*** Stored data ***

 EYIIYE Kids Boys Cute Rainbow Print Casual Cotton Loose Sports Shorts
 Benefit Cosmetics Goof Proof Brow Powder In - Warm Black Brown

***
*** Stored data ***

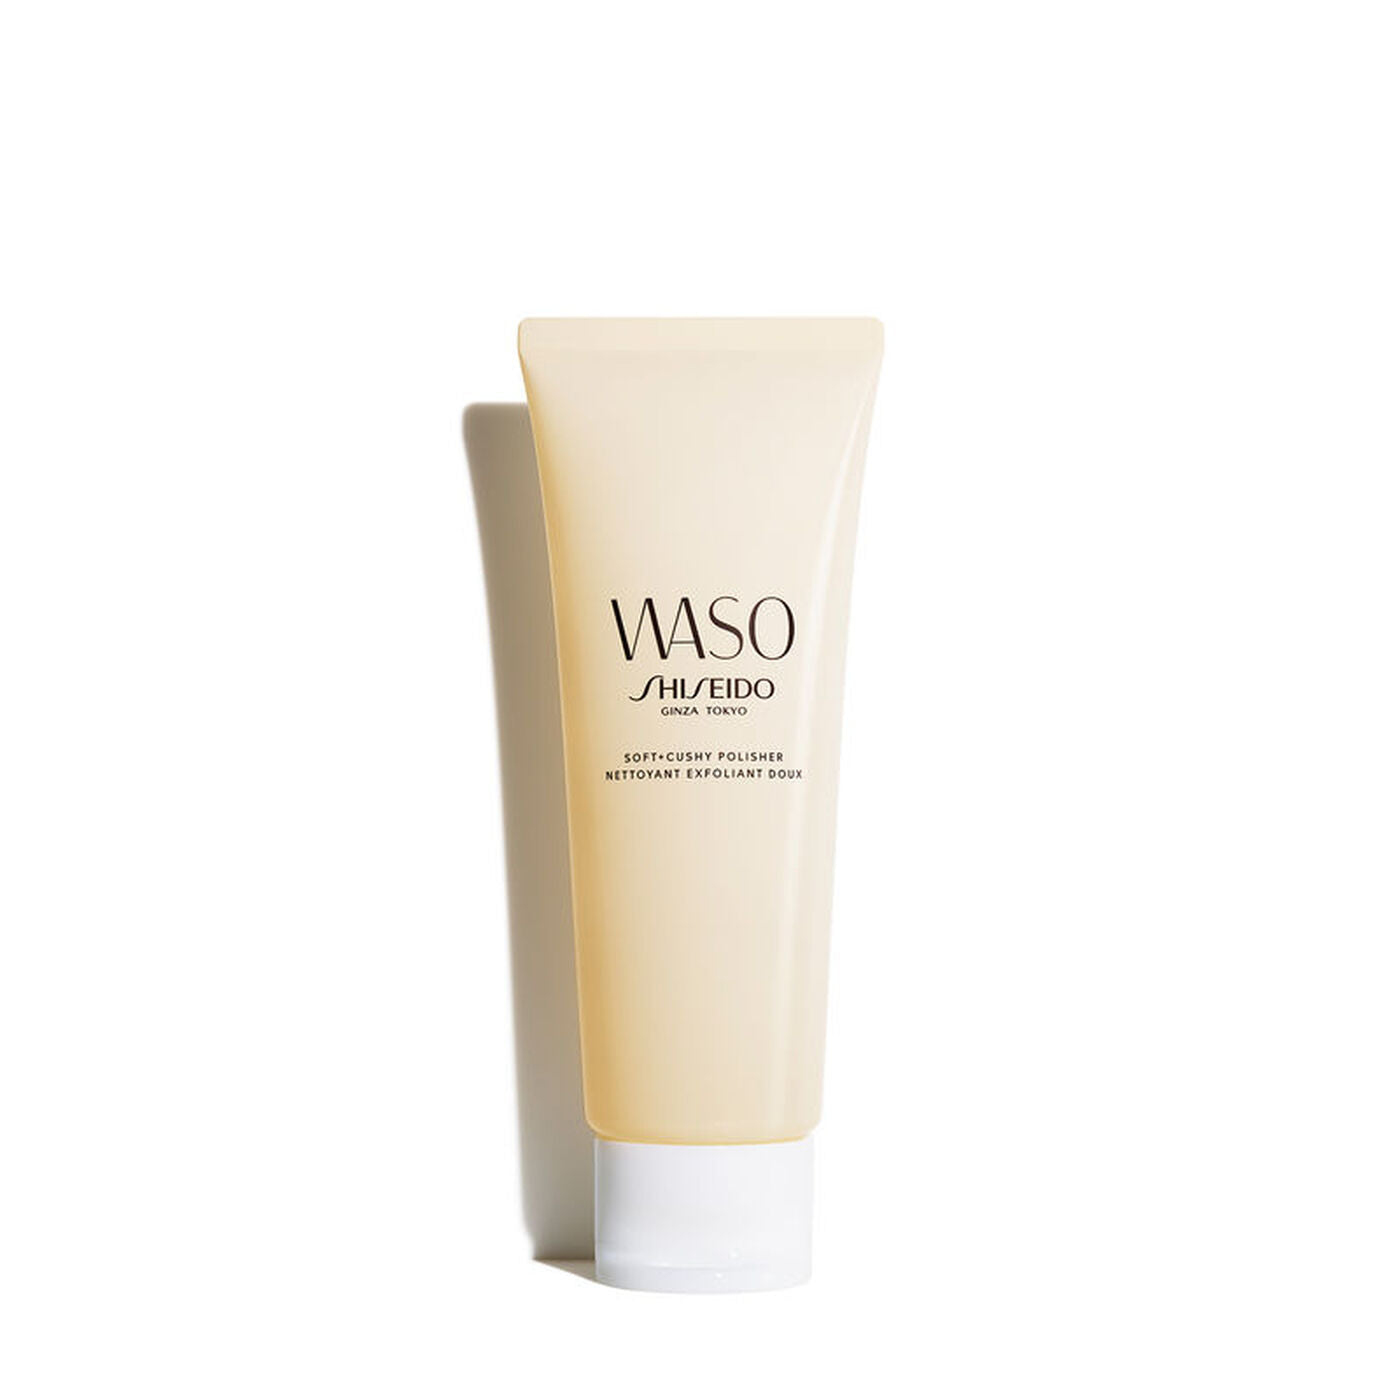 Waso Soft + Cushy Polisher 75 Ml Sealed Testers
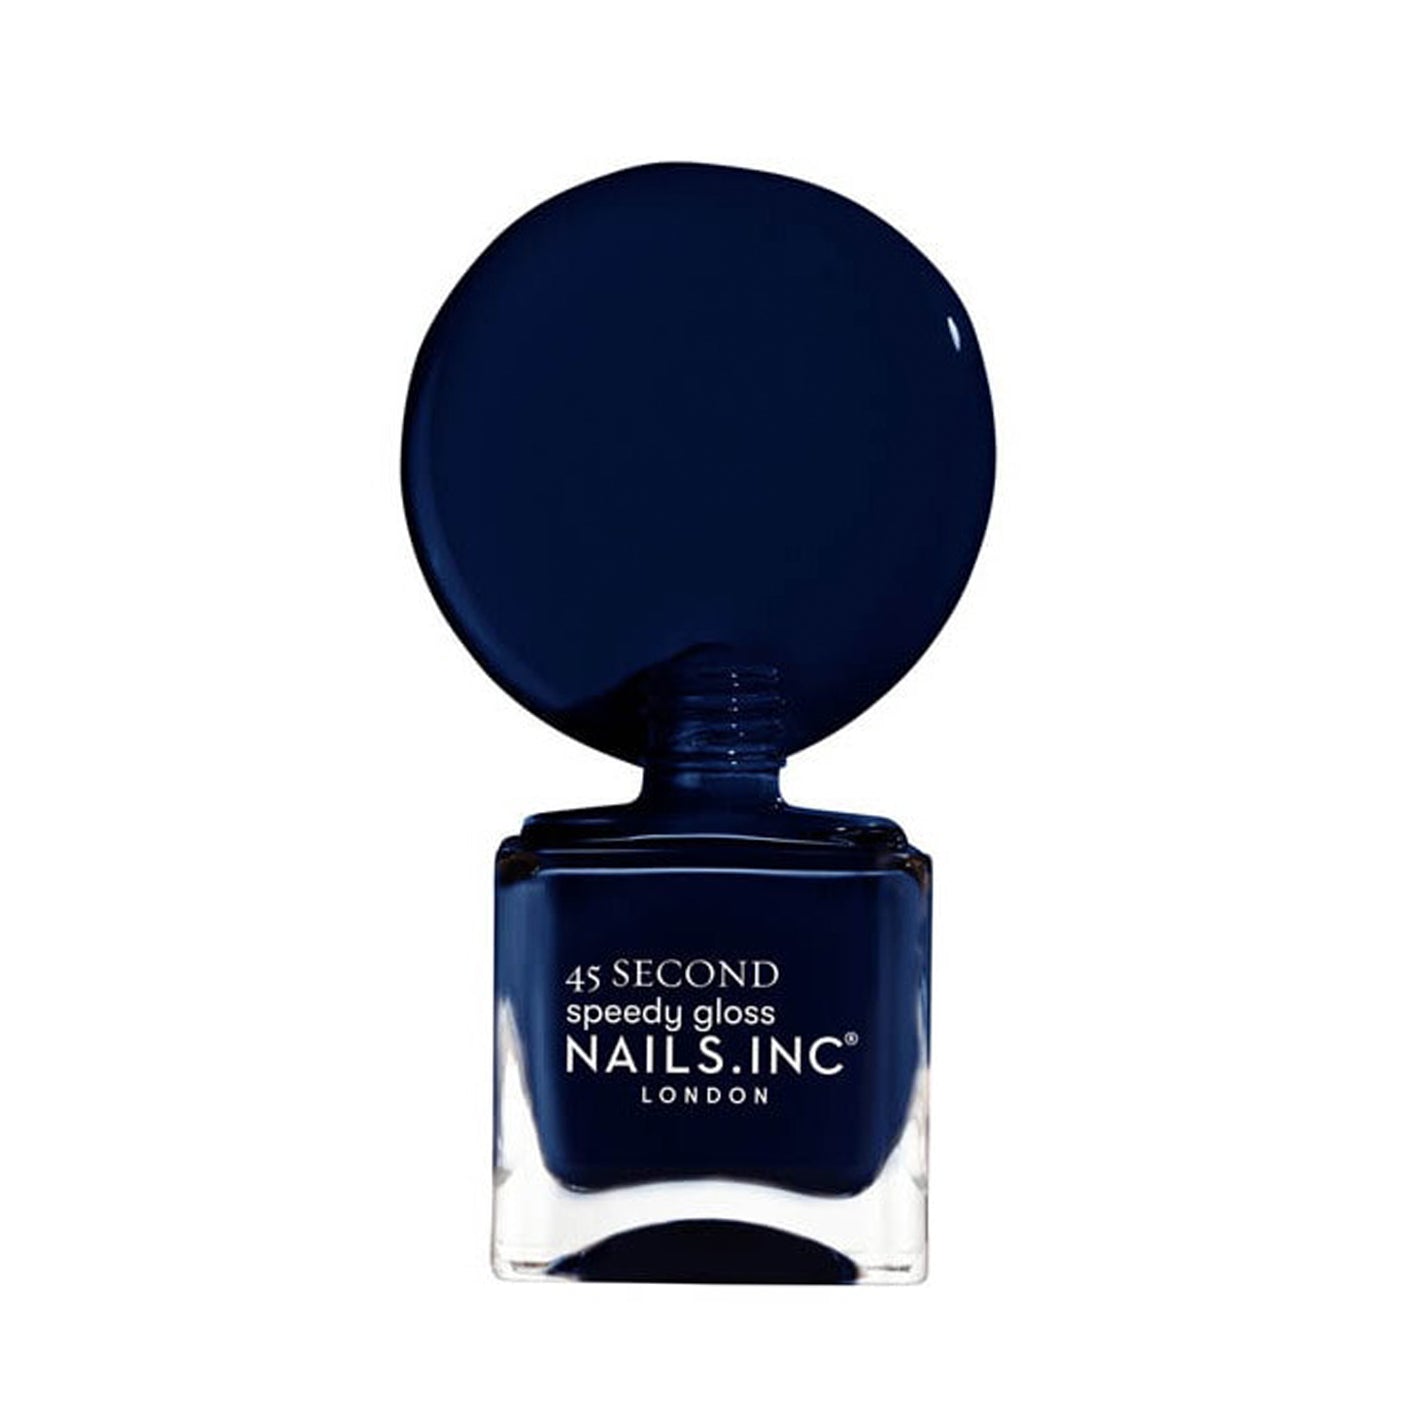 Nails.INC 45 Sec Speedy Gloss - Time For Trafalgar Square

***
*** Stored data ***

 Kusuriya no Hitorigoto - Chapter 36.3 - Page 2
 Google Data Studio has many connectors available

***

Activity:
Reproduce exactly, and only, the part of the listing above that begins at the line with "Kusuriya no Hitorigoto" and goes on through the line with "Google Data Studio".

Exercise response:
 Kusuriya no Hitorigoto - Chapter 36.3 - Page 2
 Google Data Studio has many connectors available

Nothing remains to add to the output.